Kohlberg Kravis Roberts & Co's discount retailer Dollar General Corp set the terms of its initial public offering on Friday, in a sign that the $750 million offering could price by mid-November.

In an updated prospectus filed on Friday with U.S. Securities and Exchange Commission, Dollar General said it planned to sell 34.1 million shares for between $21 and $23 and list them on the New York Stock Exchange under the symbol DG.

While no date for the pricing was provided in the filing, IPOs are typically launched within two or three weeks of terms being set.
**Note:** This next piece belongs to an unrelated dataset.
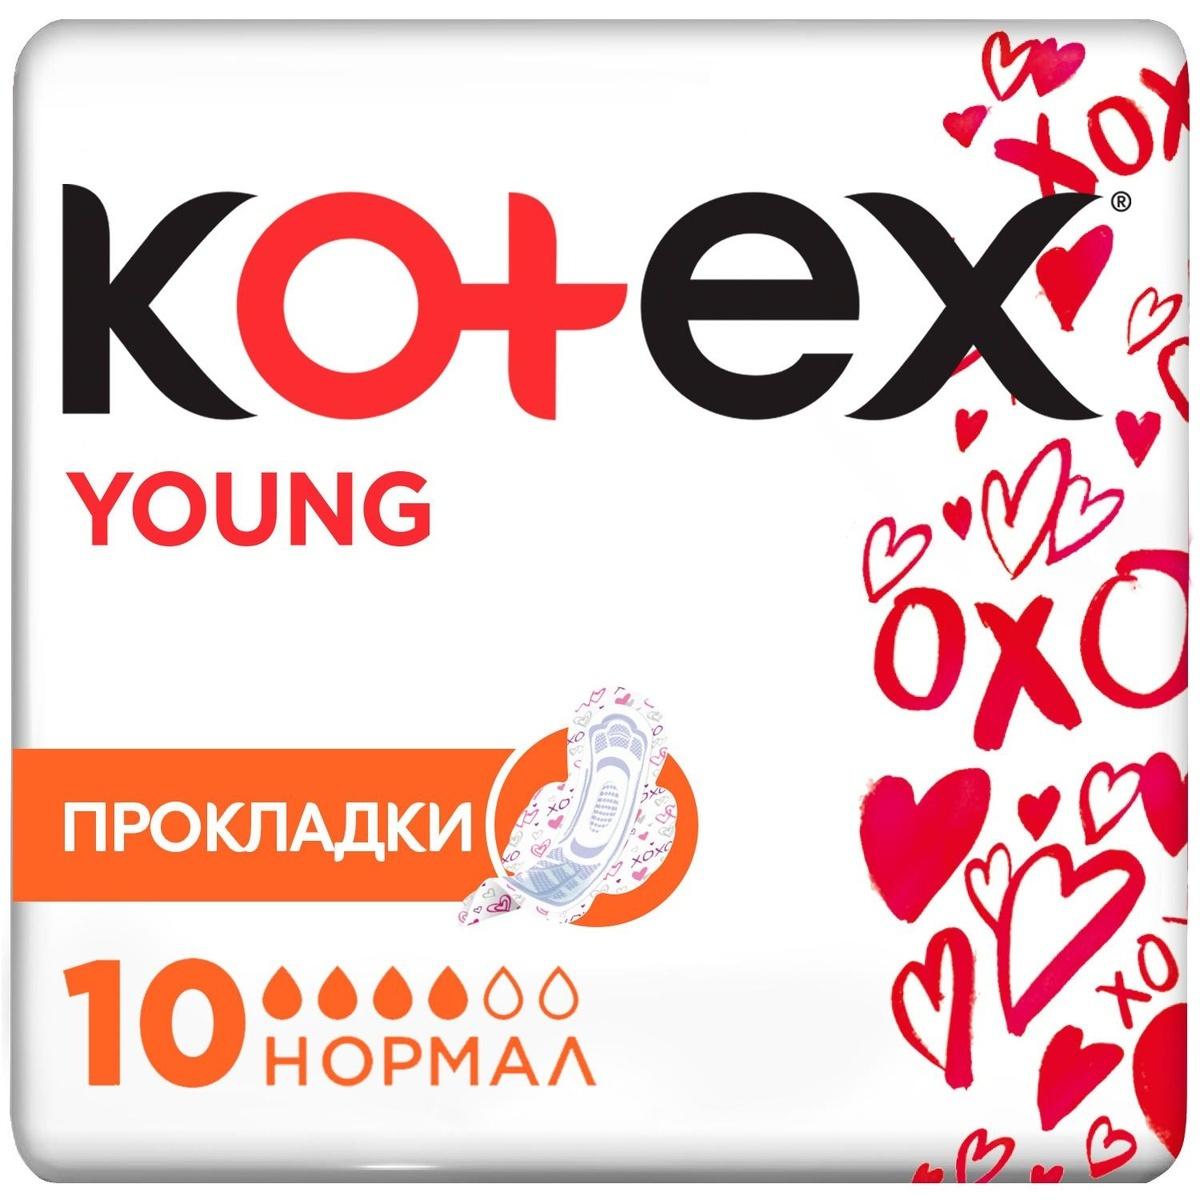 """Kotex Женские гигиенические прокладки с крылышками """"Young. Normal"""", 10 шт  #1"""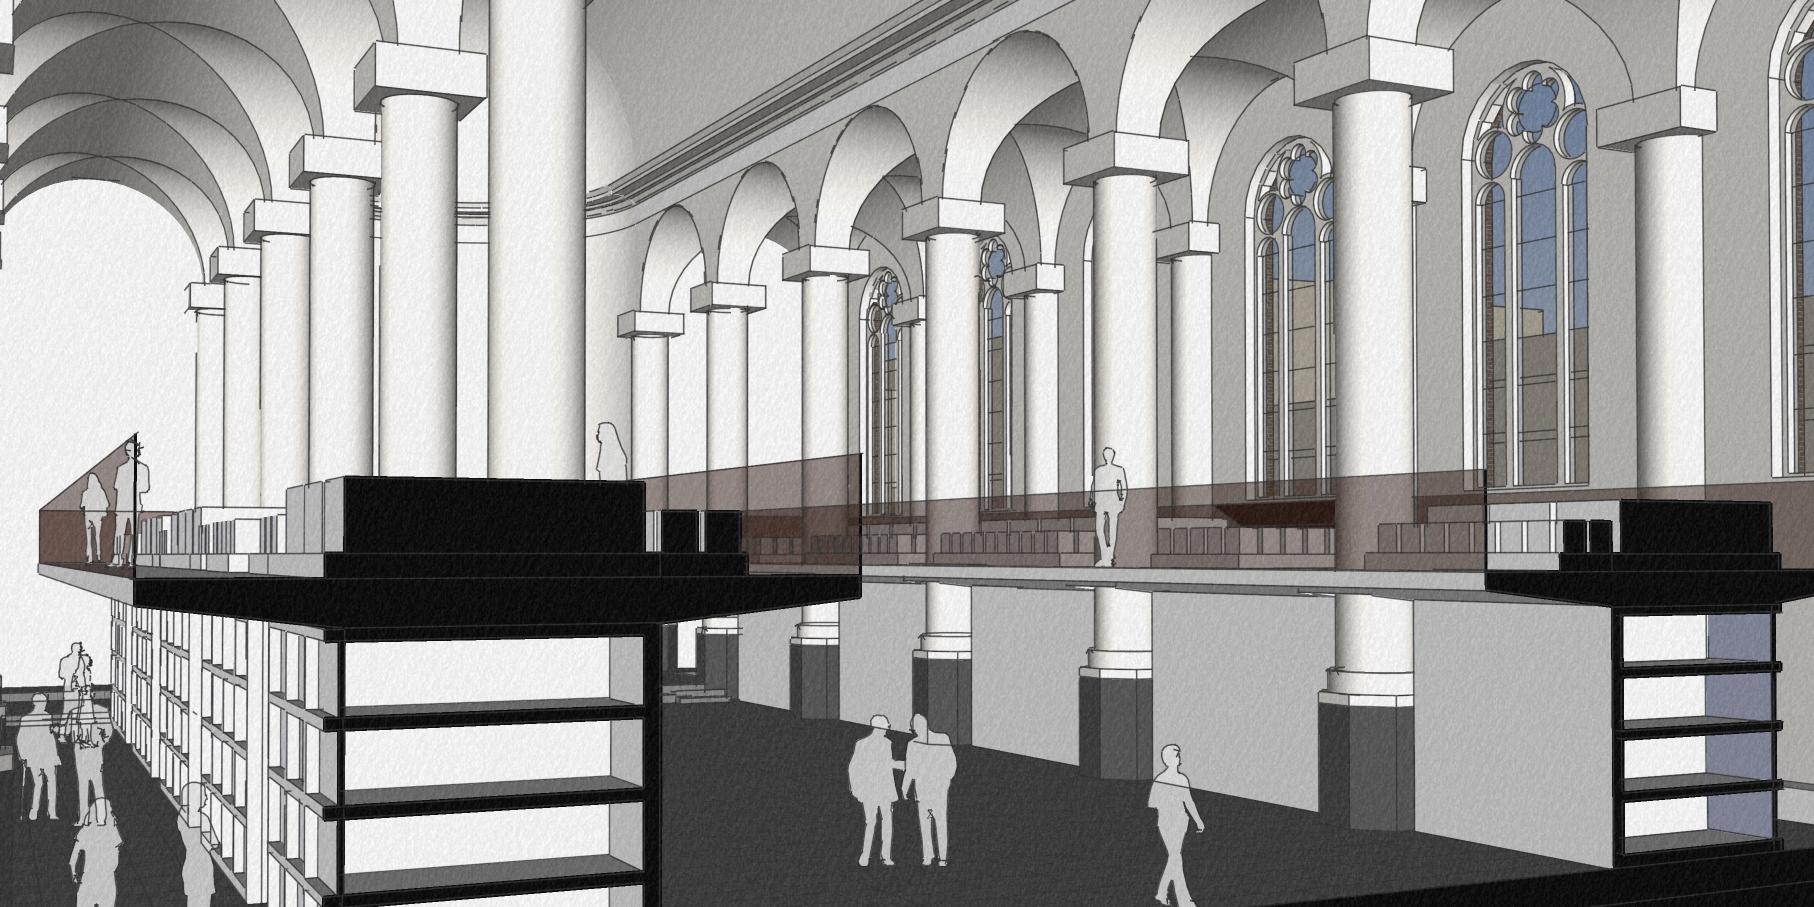 Herbestemming Havenkerk Schiedam   BEELEN CS architecten / Thallia groep Weert - Eindhoven

Private equity-owned firms have had a patchy time floating in the past few weeks. Fortress Investment Group backed RailAmerica Inc has slid 22 percent since its IPO earlier in October and Welsh, Carson, Anderson & Stowe's Select Medical Holdings priced below range in September.

Analysts have in some cases faulted over-aggressive pricing for a number of private-equity IPO disappointments.

The Dollar General filing came on a dismal day for the stock markets. The Dow Jones industrial average .DJI suffered its worst slide since July on Friday on concerns that the economic recovery won't be robust enough to sustain the seven-month stock rally.

Dollar General, which has 8,577 stores in the United States, is selling about 66.5 percent of the shares in the offering, with the remainder being sold by its stockholders.

Dollar General said in the filing it expected net proceeds of $467.8 million, which it will use to pay down debt.

The IPO's underwriters, led by Citi, Goldman Sachs & Co and KKR, have the option to buy up to an additional $5.11 million shares.

For the half year ended July 31, Dollar General had net sales of $5.7 billion, up 13.3 percent over the year earlier period, and made a profit of $176.6 million.